ただ、私自身は一度も触ったことがありませんでした。名前と、だいたいの意味を知っているだけ。
気になっていたことが、2つありました。
ひとつは、IdPのようなID基盤でもIaCは使われるのか。サーバーやネットワークの事例はよく見かけますが、Entra IDをコードで管理しているという話はあまり聞きません。そもそも対応しているのかどうかも知りませんでした。
もうひとつは、仮に使えるとして、その価値がどこにあるのか。管理画面をクリックして設定するのと、コードを書いて実行するのとで、いったい何が変わるのか。作業が速くなるという話なのか、それとも別の何かなのか。
読んで分かった気になるより、自分で試したほうが早いと思いました。そこで、個人のアカウントと無料枠だけを使って、Entra IDをTerraformで触ってみました。比べる相手は管理画面での手作業です。手順書を書いて、そのとおりに操作するという、よくあるやり方にしました。
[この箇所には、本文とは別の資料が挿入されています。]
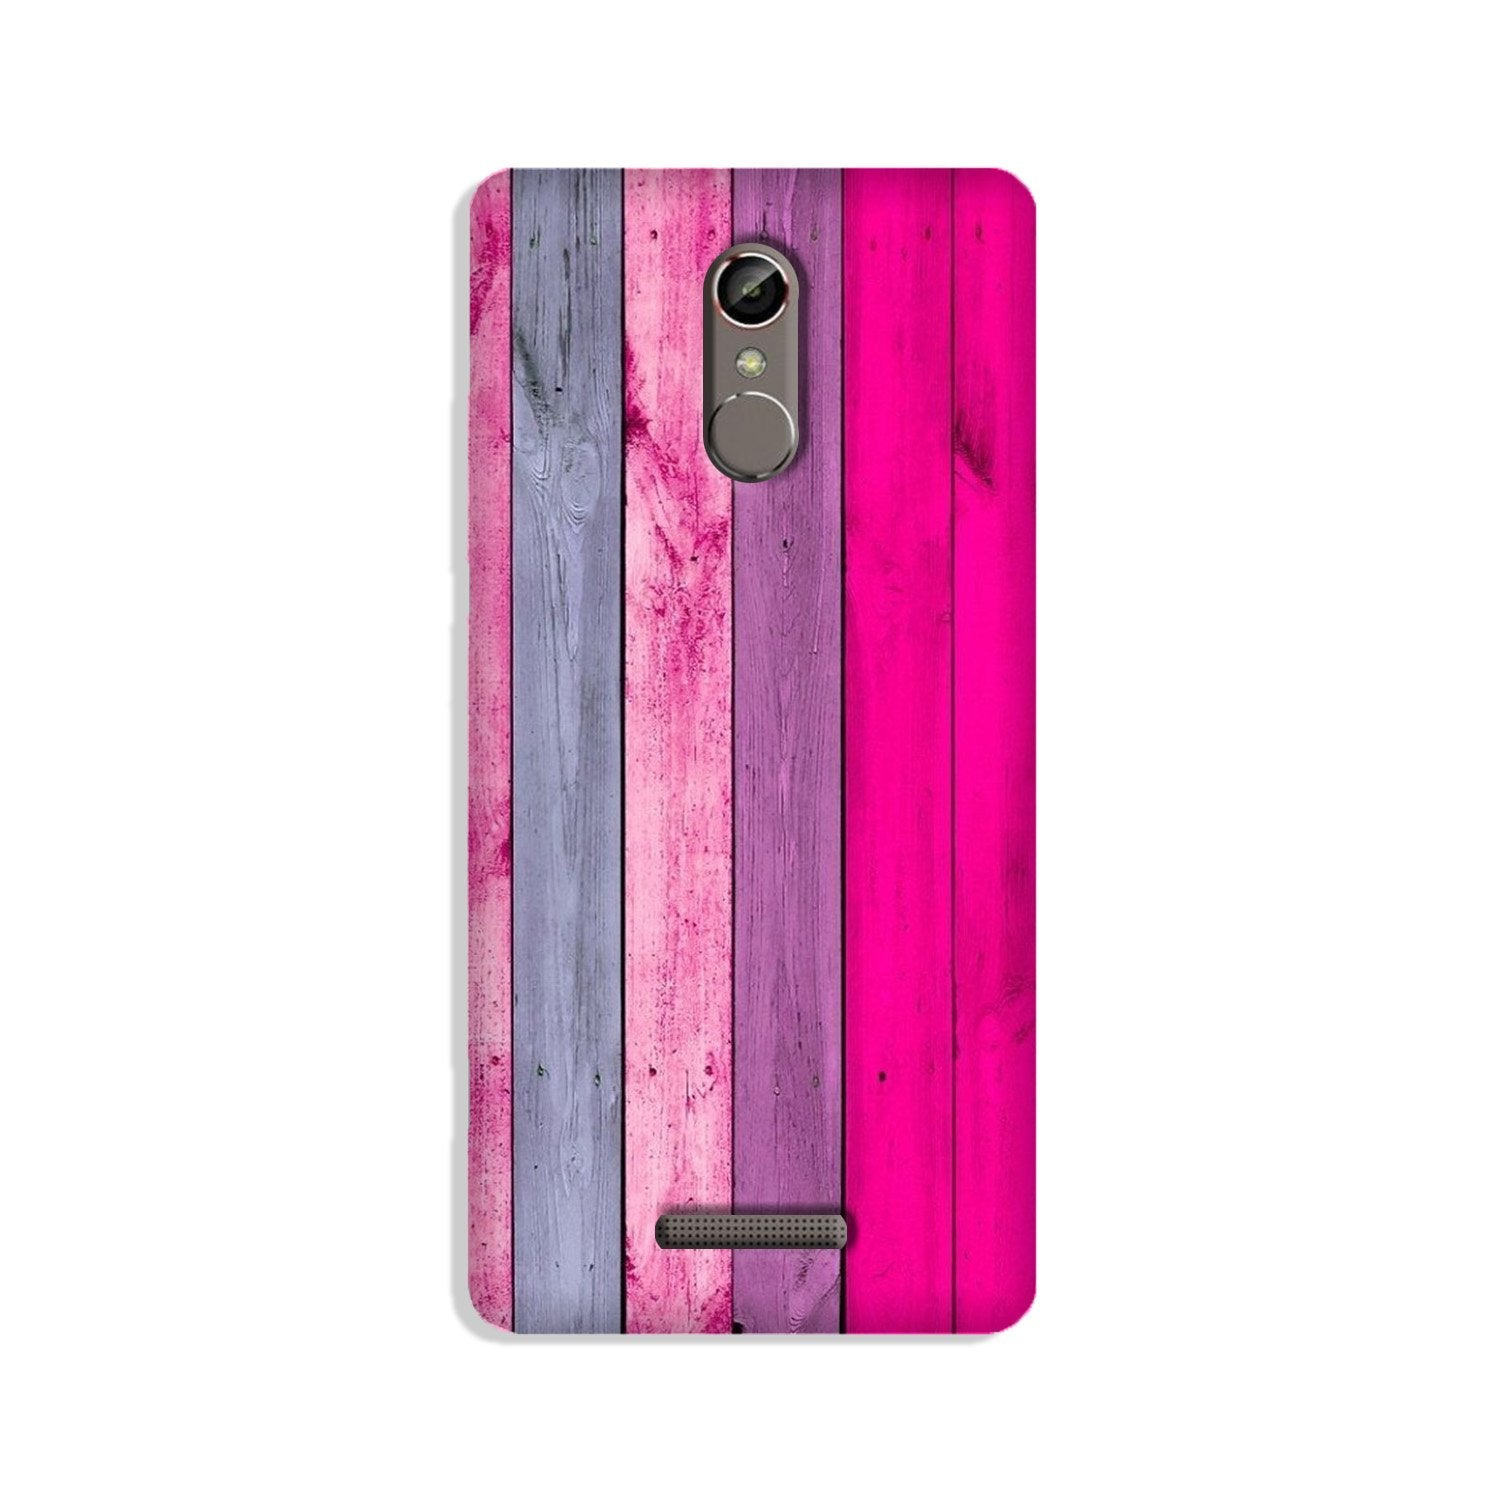 Wooden look Case for Gionee S6s

そのなかで特に確かめたかったのは、変更の履歴を本当に追えるのか、という点です。IaCの利点としてよく挙げられるものですが、どういう意味で追えるのかが、説明を読んだだけでは分かりませんでした。
何を試したか
やったことはとても単純です。
まったく同じ内容のセキュリティグループを、2つ作りました。ひとつは手順書を書いてEntra管理センターから手作業で、もうひとつはTerraformのコードを書いて実行しました。
そのうえで、2つとも同じ文言で、申請も承認もなしに管理画面から書き換えました。現場でときどき起きる、いわゆる無断変更の再現です。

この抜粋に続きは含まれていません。